Андрей не мог не согласиться с вескими доводами Любы, у него не было факта, который бы свидетельствовал о действии бога. Схоластическими же «доказательствами» он уже не решался оперировать, тем более что и сам он в них уже не верил.
— Я согласен, — после минутного молчания нерешительно произнес он. — Но вы говорили о материальном мире и его единстве. Не идут ли ваши слова вразрез с тем, что существует и психика? Что ж, вы и мысли и чувства тоже отнесете к материи?

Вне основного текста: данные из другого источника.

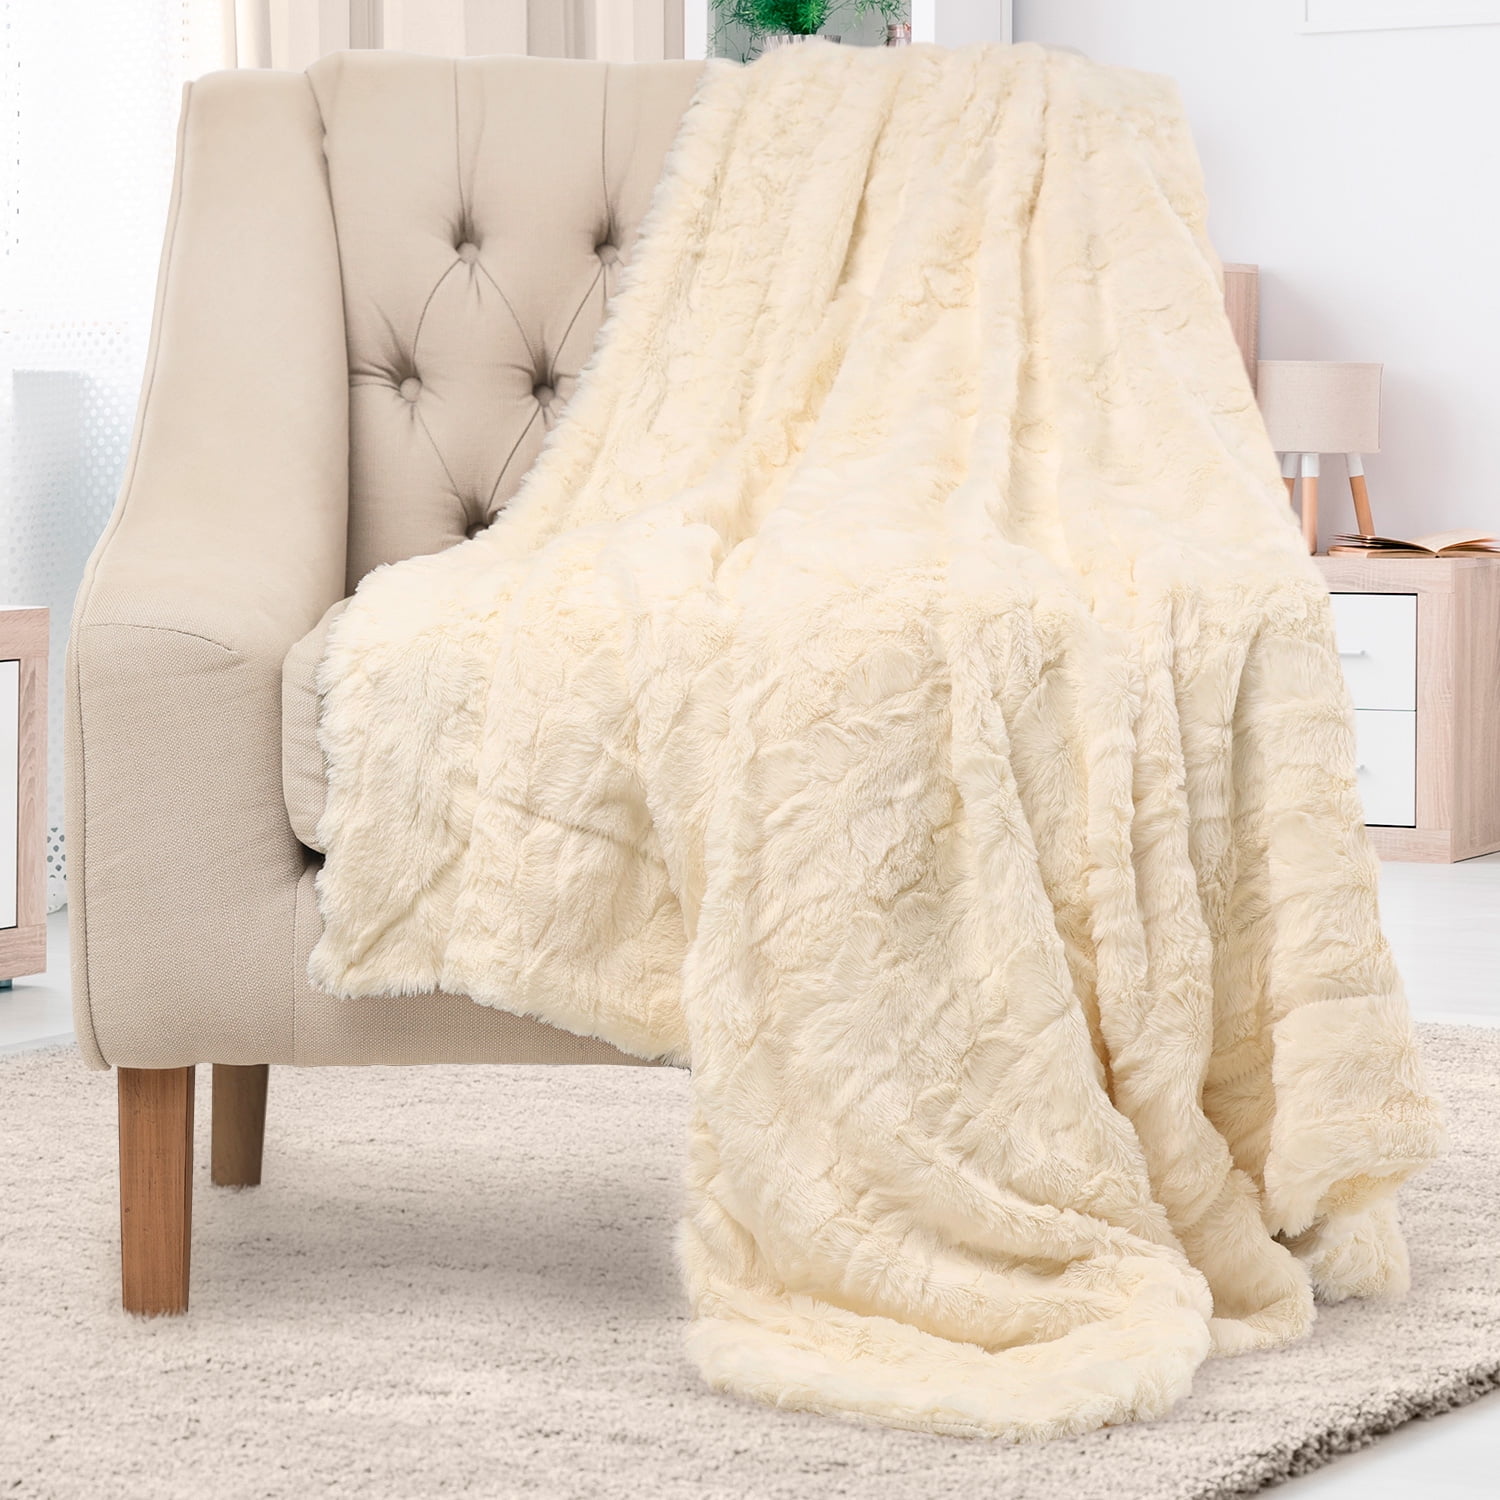 POPCORN THROW Fleece Blanket Faux Fur Waffle Throws Sofa Bed Settee Warm Cozy

— Сознание не есть материя, однако оно — продукт высокоорганизованной материи мозга. Вопрос о сущности сознания является одним из самых трудных вопросов науки. Трудность заключается в том, что психические процессы непосредственно не воспринимаются ни одним из наших органов чувств. Мысль нельзя ни видеть, ни слышать, ни обонять, ни осязать. Можно видеть орган мышления — мозг, но нельзя увидеть мысль. Но из этого вовсе не следует, что она не зависит от материи. Психика является результатом материальной деятельности мозга. Об этом говорит прежде всего тот факт, что психические явления имеют место только в нормальных живых организмах. Если у человека повреждены большие полушария головного мозга, то его сознание полностью или частично расстраивается. Устранения этих повреждений ведут к восстановлению нормального сознания. При этом мы не говорим, что сознание, порождаемое материей и зависимое от нее, существует как нечто внешнее ей, наряду с ней. Процессы в мыслящем мозгу и мышление — не два параллельных процесса, а один единый процесс, внутренним состоянием которого и является сознание. Сознание есть внутреннее состояние материи. Сложность познания этого процесса послужила поводом для неправильного утверждения, будто сознание есть деятельность нематериальной души, которая якобы не зависит от материи, от человеческого тела и мозга, может существовать без них самостоятельно. Так что все ваши молитвы «об упокоении души» моего дедушки не имеют никакого смысла, потому что со смертью его исчезла и «душа», за которую вы, Андрей, так усердно молились, — грустно улыбнулась Люба.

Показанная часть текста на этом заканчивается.